The captive enclosure for most scorpion species is a standard ten gallon enclosure. Rather than a regular enclosure you can also use a “breeder” enclosure which is not as tall and has the same amount of floor space. However, these make potential escapes more likely. Although I have never had an escape, I have heard of escapes. Again this is probably due to the fact that I use a regular ten gallon enclosure which I mentioned previously versus the “breeder” size.
The Arizona Desert Hairy Scorpion Hadrurus arizonensis environment in the wild is obviously a desert type of habitat which entails dry sandy loam soil. They are known to burrow in this soil extensively. To replicate this environment I use my personal standard of washed play sand at a depth of 3-4 ½”. In the sand I bury two toilet paper rolls on either side of the enclosure so that they are at a 45 degree angle with the mouth of the rolls just breaking the surface of the sand which acts as a pre-dug burrow.

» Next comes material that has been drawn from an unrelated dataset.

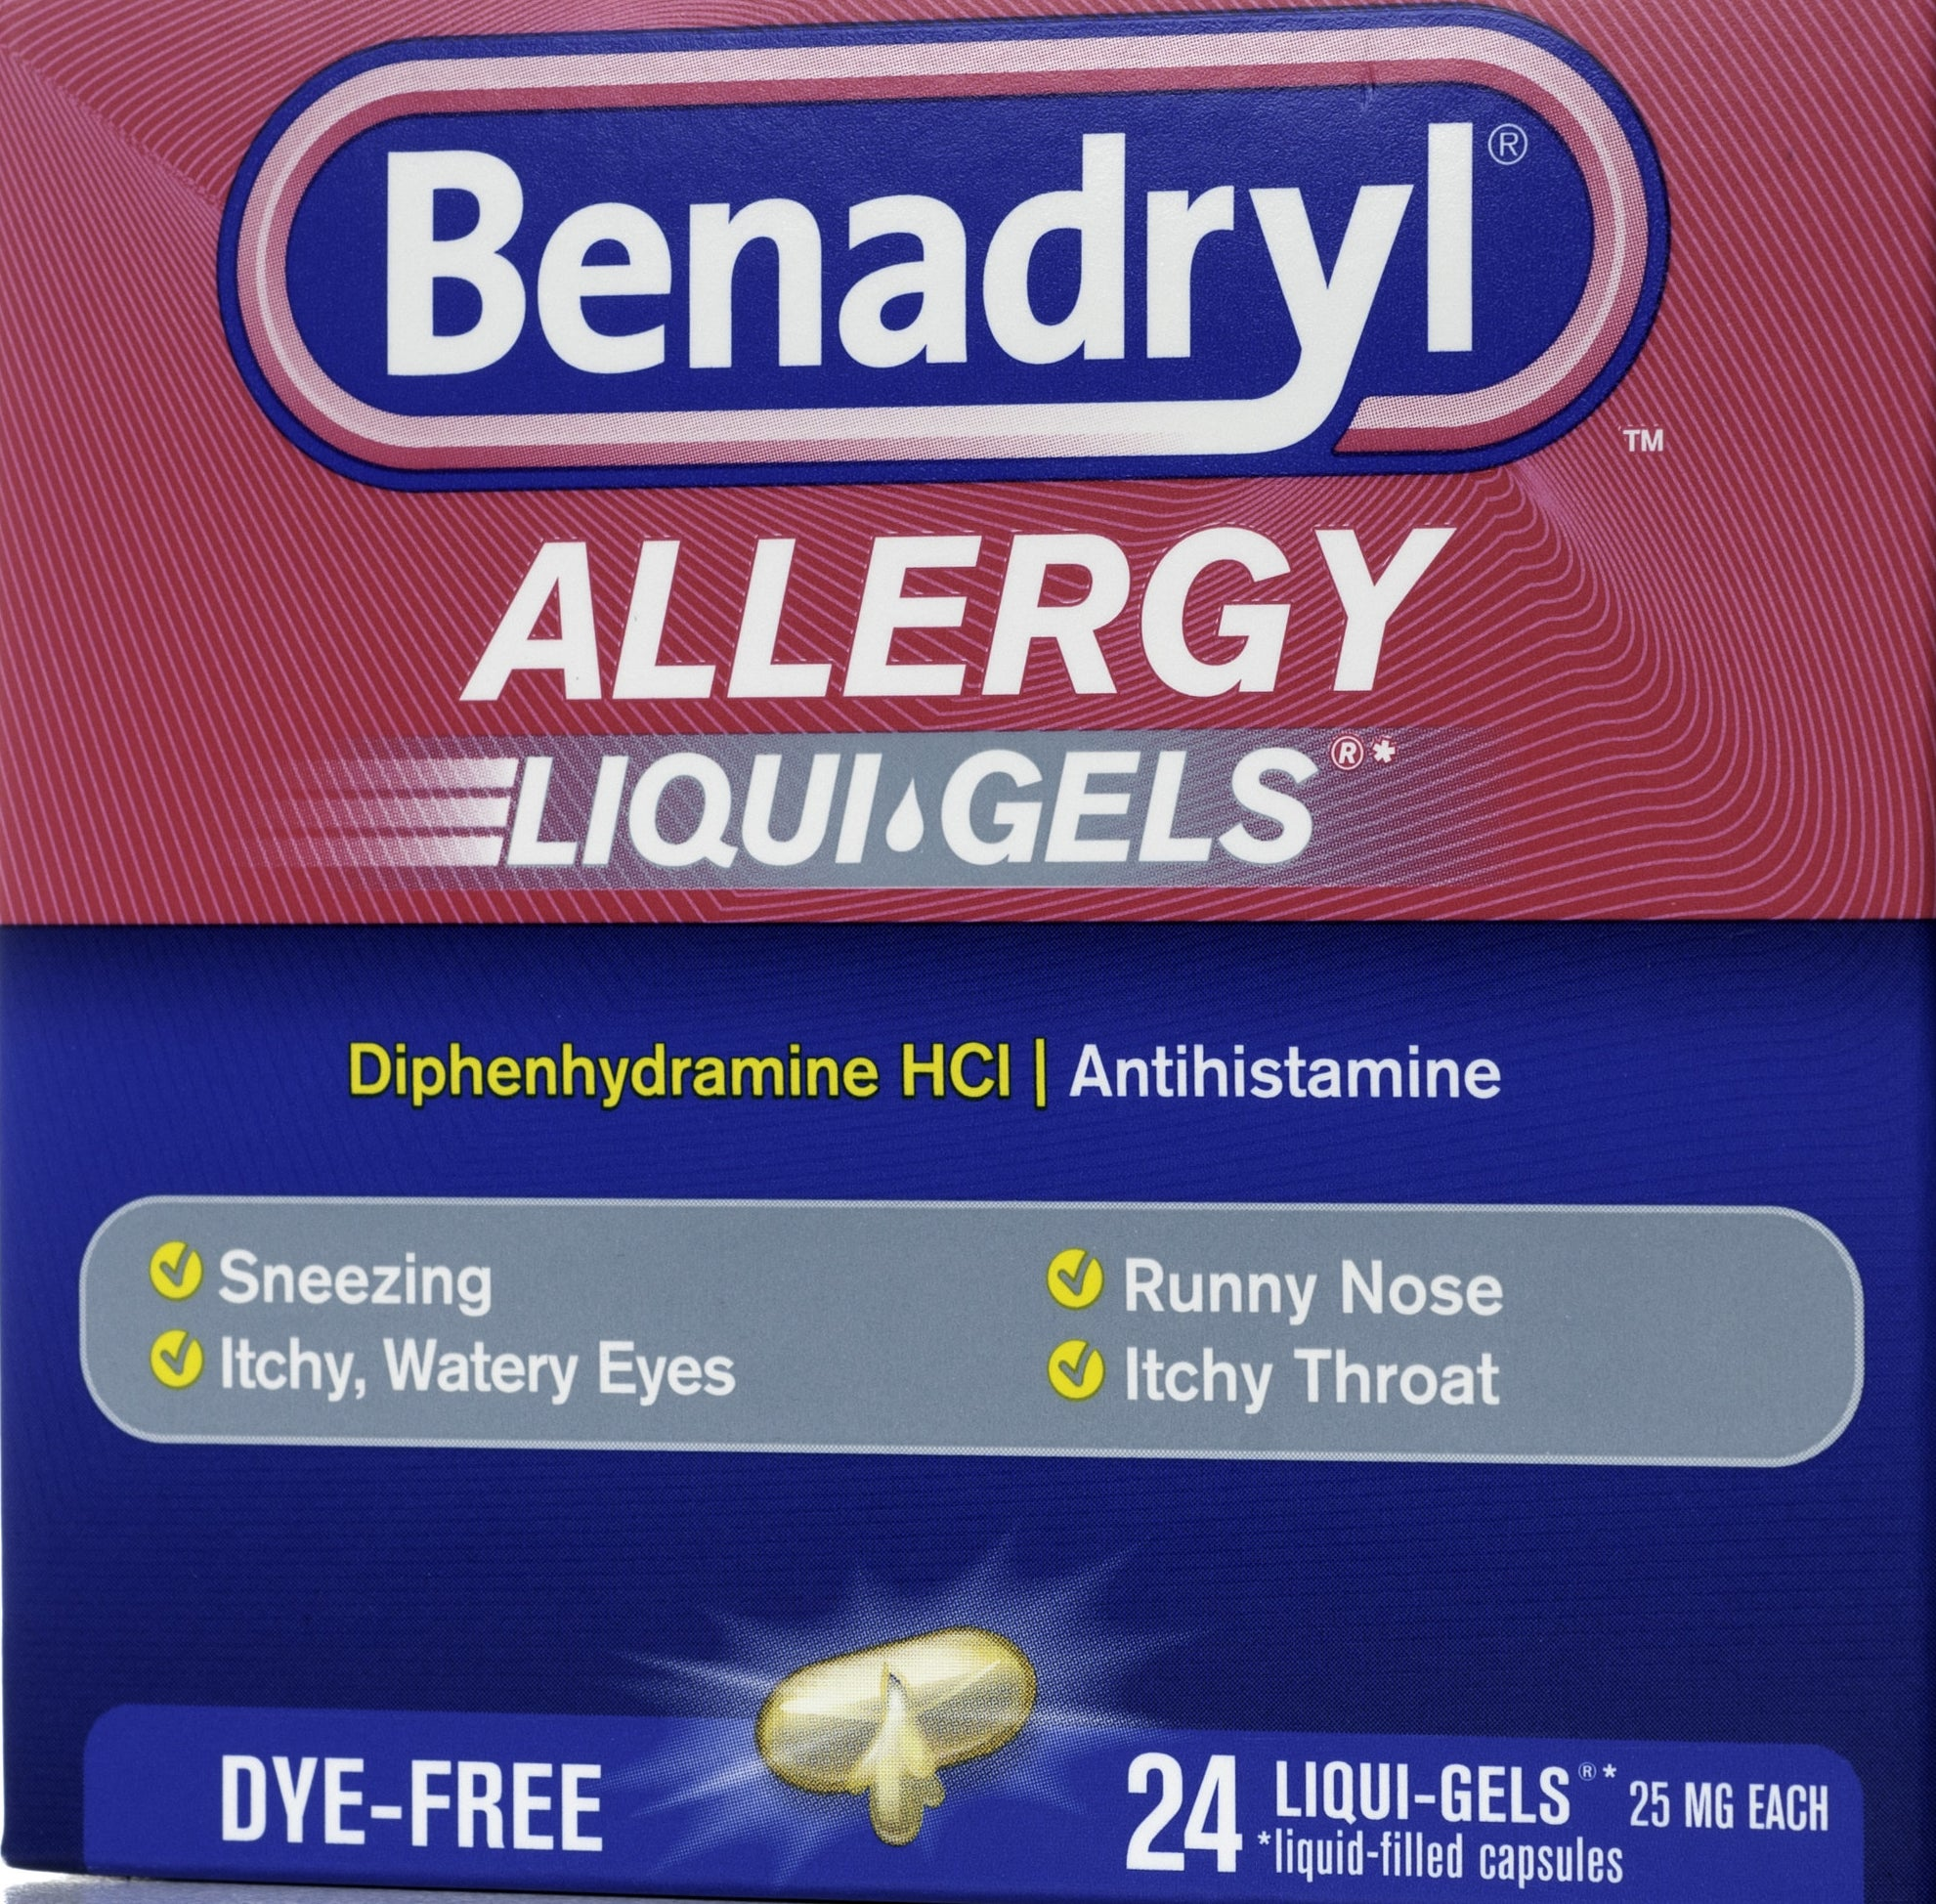 A Benadryl liquid gel pack
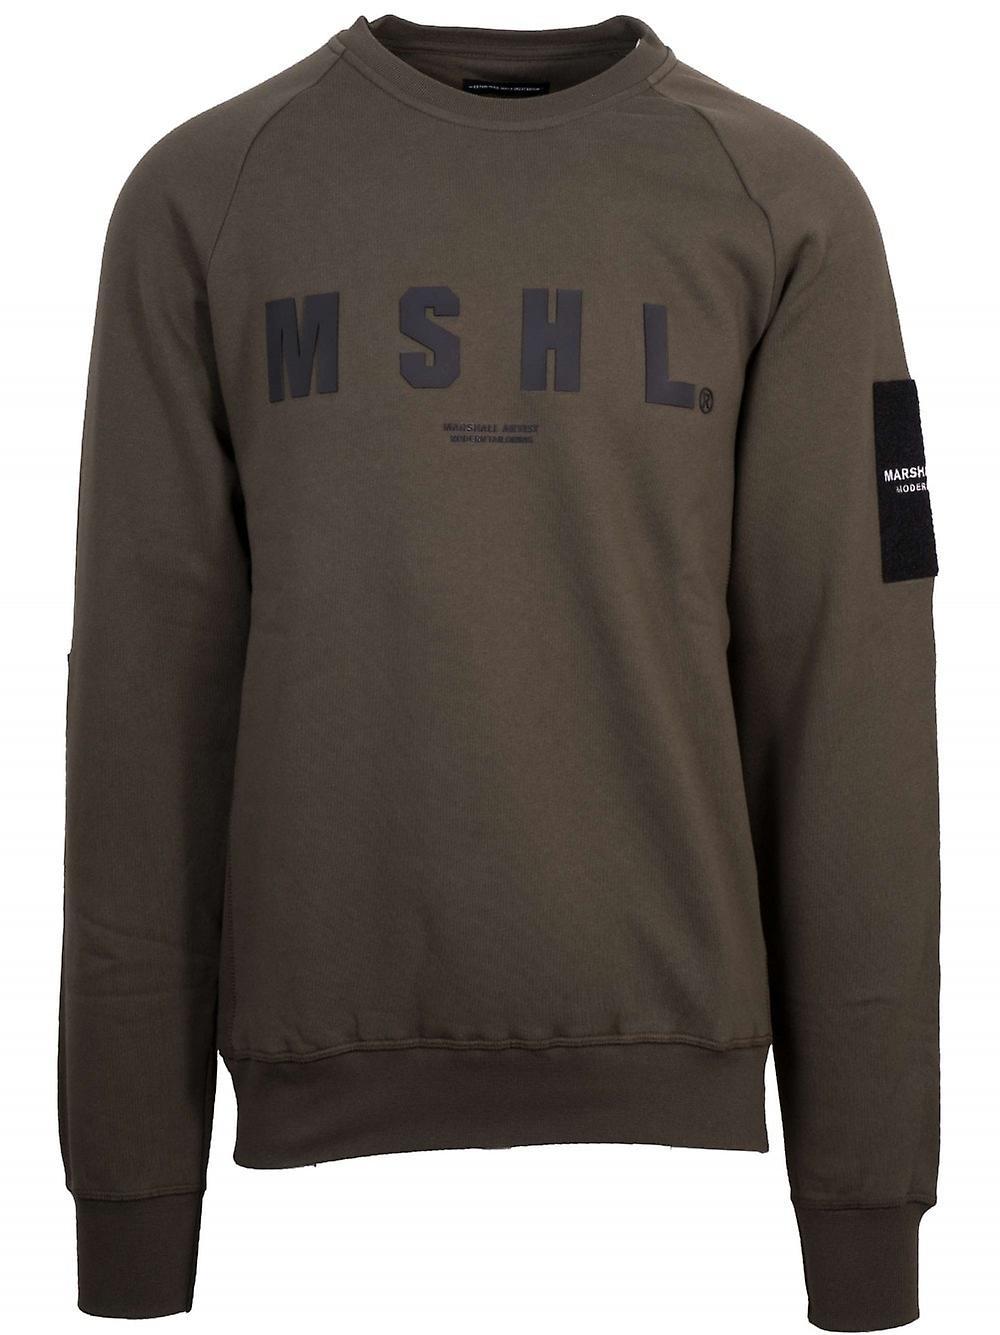 Marshall Artist Marshall Artist Khaki Hybrid Tech Sweatshirt

Presumably you can use PVC pipe as well, I am not sure this would work as the pipe is smooth and the scorpion may not be able to climb back out. You may be able to apply some aquarium silicone to the interior of the pipe and then pour some sand through it, allow it to dry, and then place this inside. This would give the scorpion something to grip. I haven’t tried this yet with scorpions but I know it works for other species.